3.3. Characterization and Measurements

The electron microscopy (EM) images were collected using: (i) JEOL JSM-6700F SEM (Tokyo, Japan); (ii) Hitachi SU8220 ultra-high resolution SEM (Tokyo, Japan) and (iii) JEOL-2010 TEM (200 kV, Tokyo, Japan). N2 adsorption-desorption isotherms were recorded at 77 K using Micromeritics 2020 analyzer (Norcross, GA, USA). The small angle X-Ray scattering (SAXS) measurements were conducted using X-ray scattering instrument (Hsinchu, Taiwan) with a superconducting wiggler insertion device at the BL23A beamline in the National Synchrotron Radiation Research Center, Hsinchu, Taiwan. Wide-angle XRD patterns were recorded on a Bruker D8 X-ray diffractometer (Karlsruhe, Germany) with Ni-filtered Cu Kα radiation (λ = 1.5406 Å).
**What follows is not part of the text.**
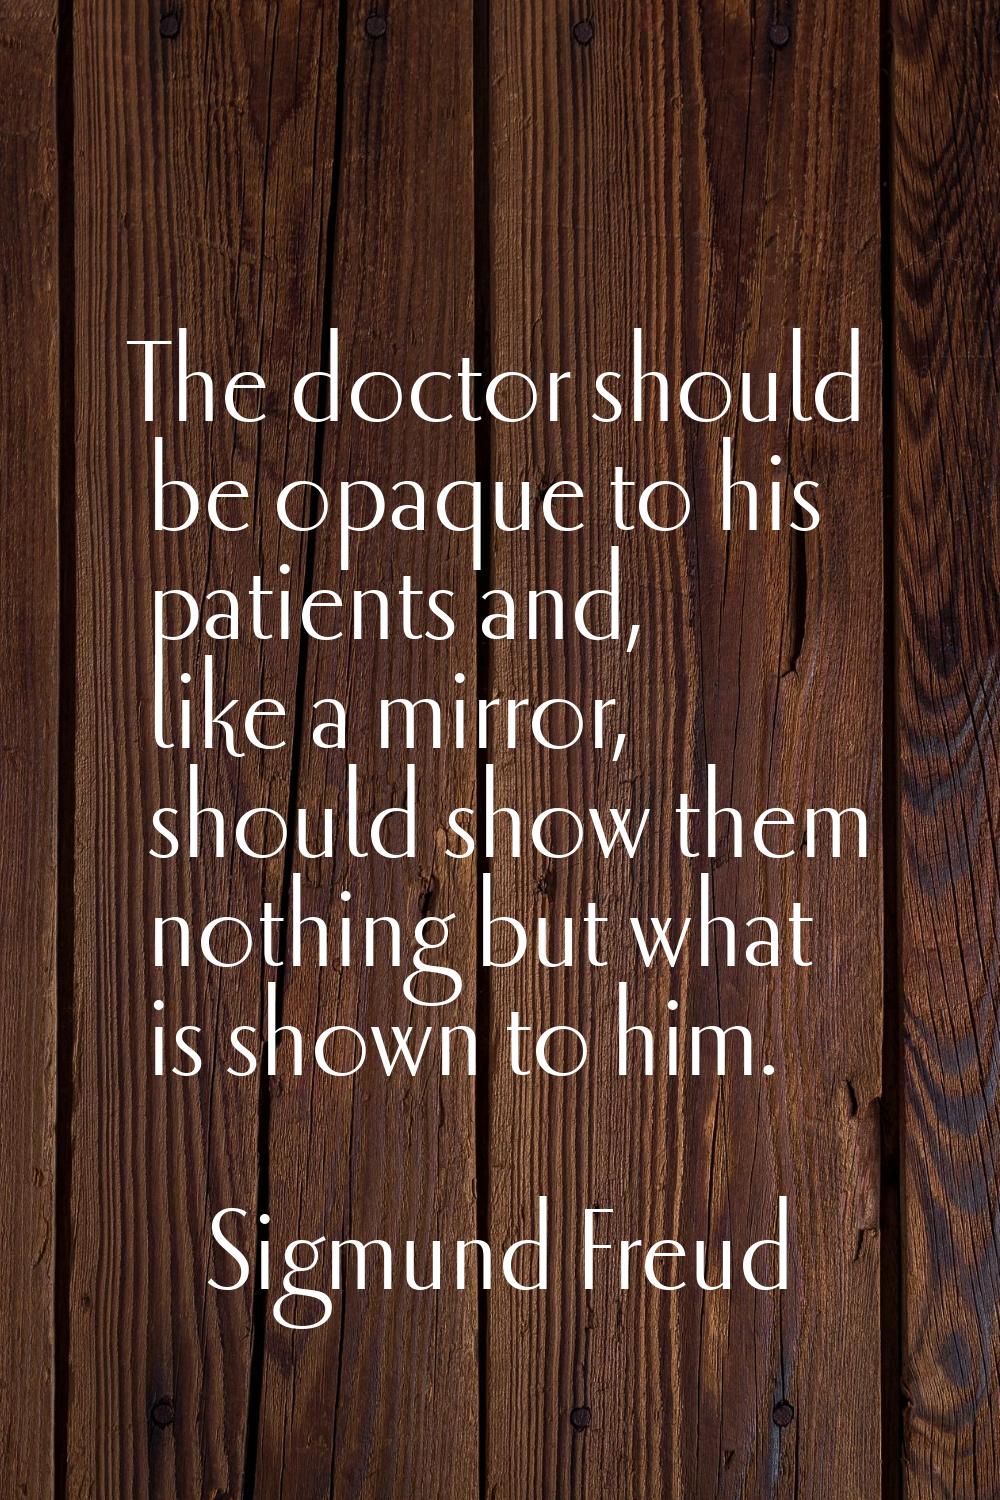 The doctor should be opaque to his patients and, like a mirror, should show them nothing but what i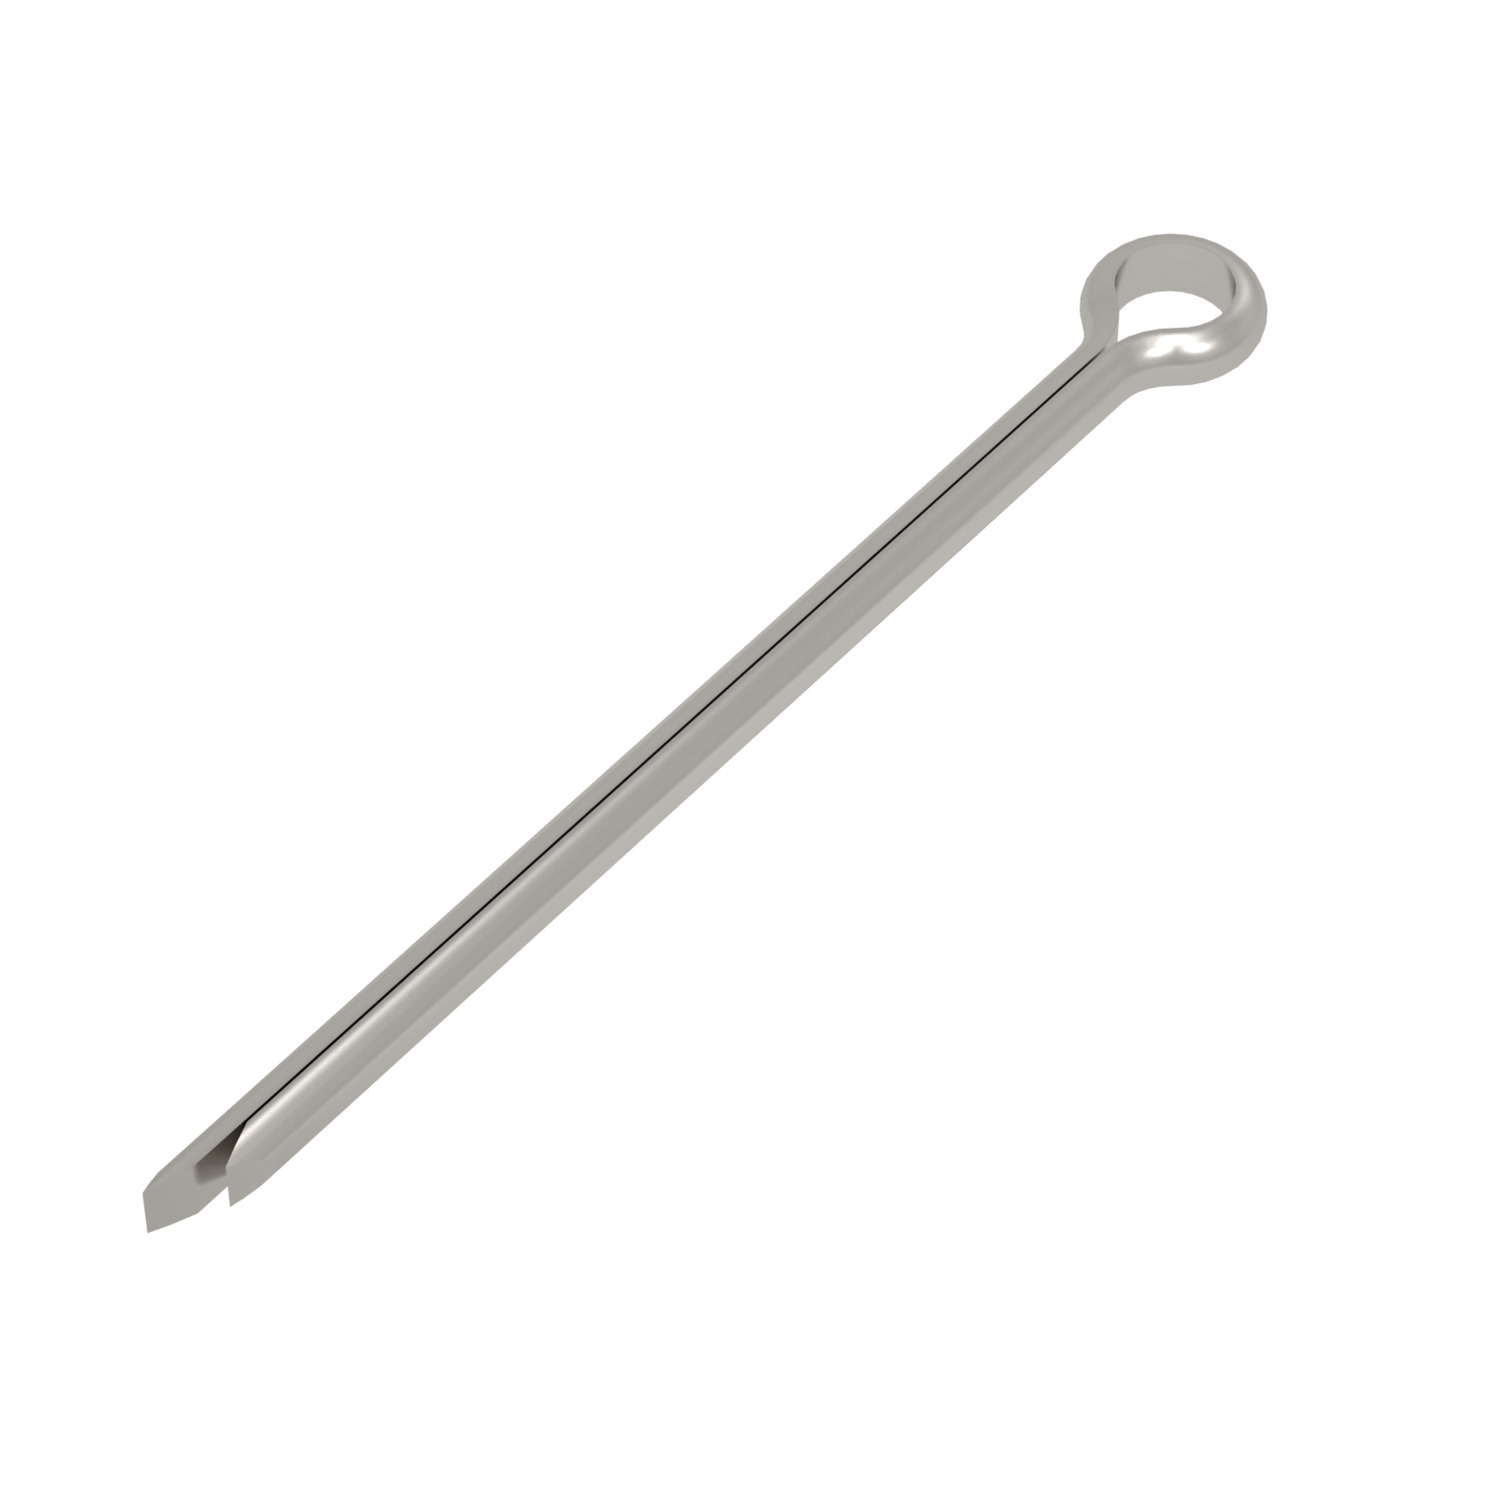 Product 65675, Stainless Cotter Pins  /

3.4. Electrochemical Measurements

The electrochemical measurement of OMCS electrodes were analyzed using 80 wt % of respective OMCS samples, mixed with 10 wt % carbon black particles as conductive additive, and PVDF as binder in NMP solvent into homogeneous slurry. The slurry was then spread onto a copper foil current collector at a thickness of 50 μm by a glass rod with 1.5 mg of active material. The slurry was then pressed into a spherical electrode with the diameter of 1 cm, and then dried in vacuum at 100 °C. Electrochemical test cells were assembled by using the CR-2032 coin cell in a N2-filled glovebox and the coated copper foil was applied as the working electrode and Li metal foil as counter electrode. The electrolyte was composed of 1.15 M solution of LiPF6 in a 3:4:2 (v/v/v) mixture of ethylene carbonate (EC), ethyl methyl carbonate (EMC) and dimethyl carbonate (DMC). The cells were charged and discharged galvanostatically in terms of 0.1, 0.5, 1, 2 and 5 C (1 C = 372 mA·h·g−1) in fixed voltage window of 0.05–3 V and cyclic voltammograms were recorded in the potential window of 0.01–3 V (vs. Li+/Li) at a scan rate of 0.1 mV·s−1 by a Maccor battery testing system (Tusla, OK, USA) at room temperature.

4. Conclusions

In the present work, three different sizes of ordered mesoporous carbon nanospheres were successfully synthesized by hydrothermal treatment followed by calcination of the as-prepared phenolic resol/F127 solution. The diameters of OMCS7, OMCS9 and OMCS11 are 46 ± 3, 95 ± 5 and 130 ± 19 nm, respectively. It is noted that the positive correlation between the average sizes of OMCS and its standard deviation are crucial factors for enhanced performance as anode materials in LIBs. OMCS11 delivers an excellent capacity retention of 560 mA·h·g−1 at 0.1 C after 85 cycles as well as an outstanding rate capability of 240 mA·h·g−1 at 5 C for 15 cycles. This performance is significantly superior compared with other ordered mesoporous carbon nanospheres prepared in the present work. In addition, the structural and morphological integrity of the as-prepared anode material can be maintained even after continuous cycling at various current rates. This is mainly attributed to the suitable size distribution and formation of optimal contact between OMCS11 and conductive additive which facilitates the effective charge transfer.